Student Asks Christ for A/V Help

Falling to his knees, a Teaching Assistant (TA) for ECON 1110 crossed himself before plugging in a borrowed power cable, silently asking Jesus Christ for aid. The student, Seung, forgot to bring the power cable to a portable data projector, used to supplement the main projector in the auditorium. Projected at a side screen, Seung is responsible for setting up the projector and laptop, connecting the two devices together, and plugging both into an electrical outlet. Panic ensued when he realized he didn't have the cable. The professor mentioned to me that Seung forgot a cable. Assuming it was a VGA cable, which connects a laptop to a projector, I grabbed a spare and headed to the front of the auditorium. Once there, I discovered that Seung had a VGA cable but not a power cable. Looking at the power input plug on the projector, an older model NEC, I saw that it wasn't a standard, three-prong plug, but a semi-propitiatory two-prong plug.

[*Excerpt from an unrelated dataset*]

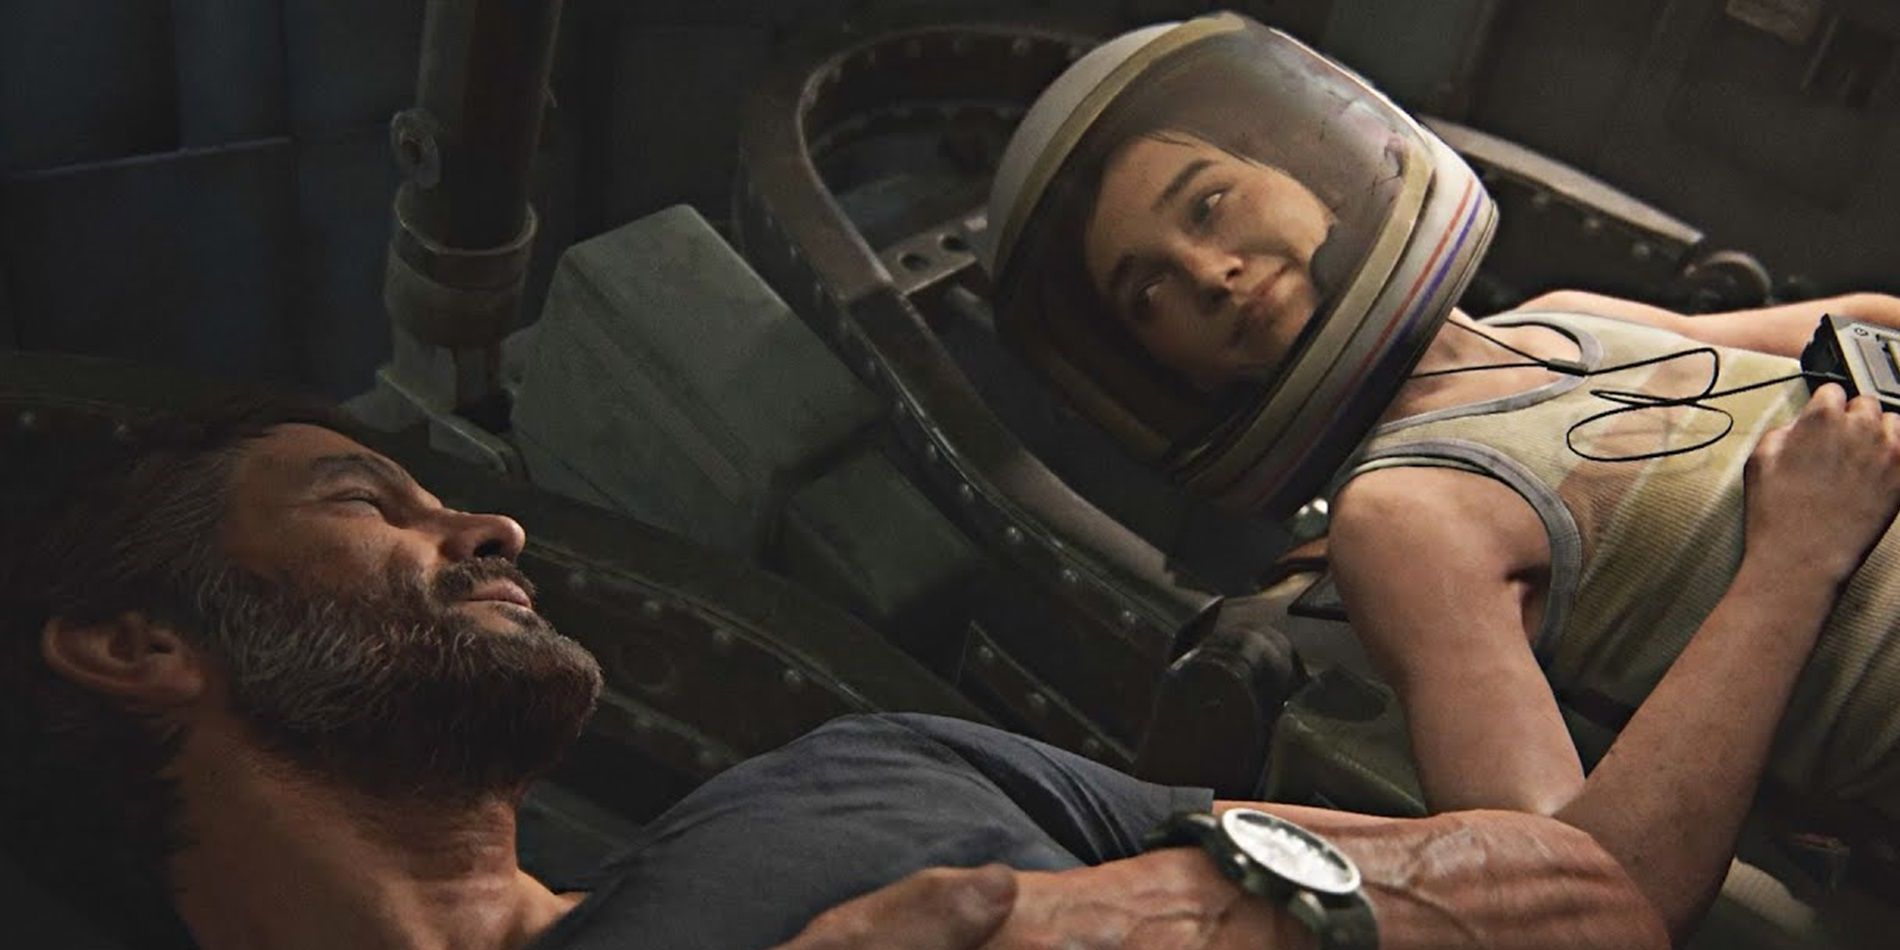 Joel e Ellie sentam-se em uma cápsula espacial em The Last of Us Part II

"I don't think I have one of those," I said, and Seung, already nervous and worried about the consequences of forgetting the cable, started pacing a small circle and anxiously wringing his hands. I walked back to the booth thinking, if I have one I'll give him one, but if I don't I don't and it's not really my problem. Lo and behold, I had one. I returned and plugged it into the projector and gave him the other end, meant for the outlet. He bent to his knees, crossed himself, looked toward the ceiling, and plugged it in.

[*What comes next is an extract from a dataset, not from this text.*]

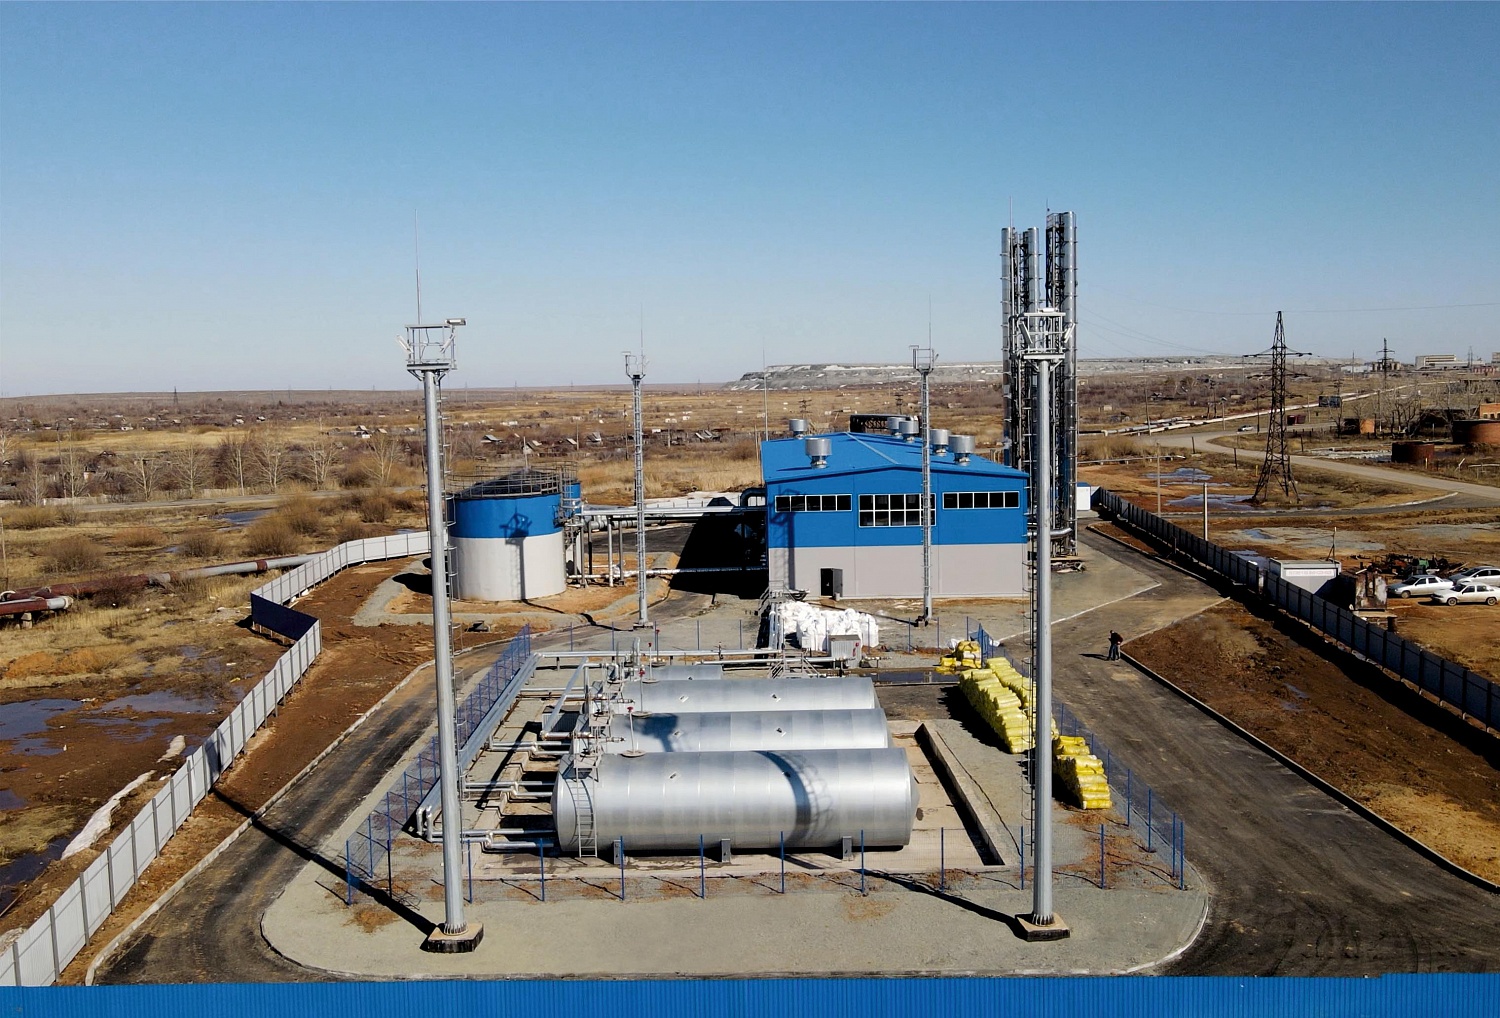 Водогрейная котельная 74 МВт, г.Ясный, Оренбургская область

Whirrrr, as the projector lit up and its fan came up to speed. I smiled. Seung, already behind with other responsibilities, said, "thank you" and hustled to his next task. I think I have a shitty job sometimes, but not nearly as shitty as a graduate student's. Yes, he has a more promising future, maybe, but at the moment Seung is one of the hundreds of graduate TAs who do most of a professor's work for little pay and flimsy promises. "You'll be a professor one day." Well, not if current economic trends continue. The Econ professor can't even remember Seung's name. Dang. Well, I'll remember you Seung, because while I've seen a lot of weird shit in here, I've never seen someone cross themselves and genuinely ask God for aid. That is cool.